Monday, December 8, 2014

ILO Increase in wages ‘forces’ rising prices – News Minute to

ILO Increase in wages 'forces' rising prices – News Minute to

According to the International Labour Organisation (ILO) if countries want to remain competitive are forced to raise prices whenever occur wage increases. The Journal News states, so that for a 1% increase in national wages should register an increase of 0.56% in prices.

According to the Journal News, the 1% increase in labor costs implies an increase in prices of 0.7%. This according to the International Labor Organization (ILO), which argues that there must be a balanced distribution between capital and labor, or you may give yourself a loss of competitiveness for price via.

Portugal, the share of wages in the national economy is 56.3%, so for a 1% increase in wages will need to raise prices by 0.56%.

“Labor costs are very significant for Portuguese companies.
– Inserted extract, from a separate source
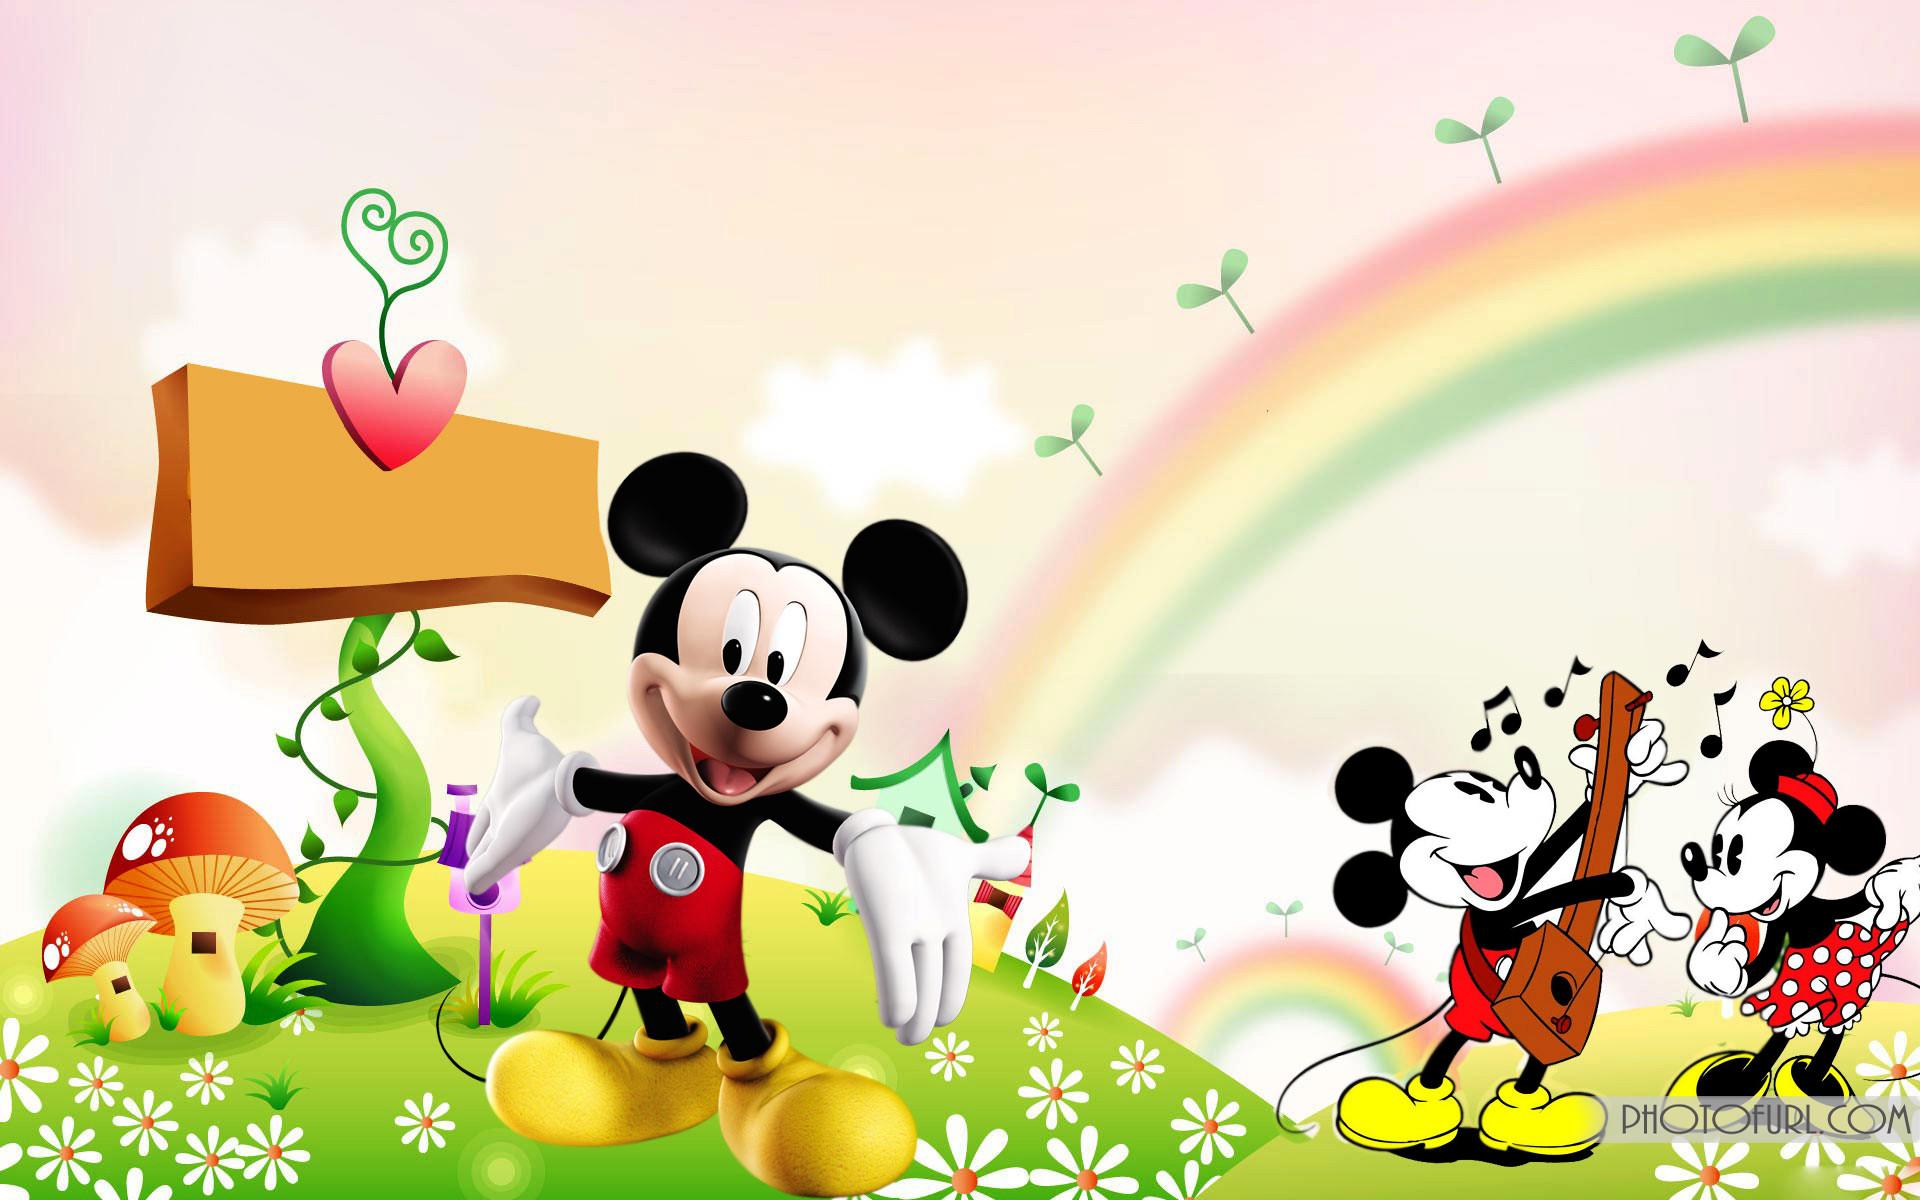 Cartoon Desktop Backgrounds 183 ① Wallpapertag

If we take GDP capital depreciation which is about 20% of GDP, we see that the final price of goods produced in Portugal, on average 70% are labor costs, number colliding seriously with the 15% advanced by the unions when ask for wage increases, “says, the Jornal de Notícias, Pedro Cosme Costa Vieira, professor of Economics of Porto.

That said, remember this daily that with the increase of 4% of the national minimum wage , which rose from 485 euros to 505 euros, prices would have risen 2.24%. However, for a total of 2.3 million workers for others, only half a million enjoys this increase, which is why there has been changes.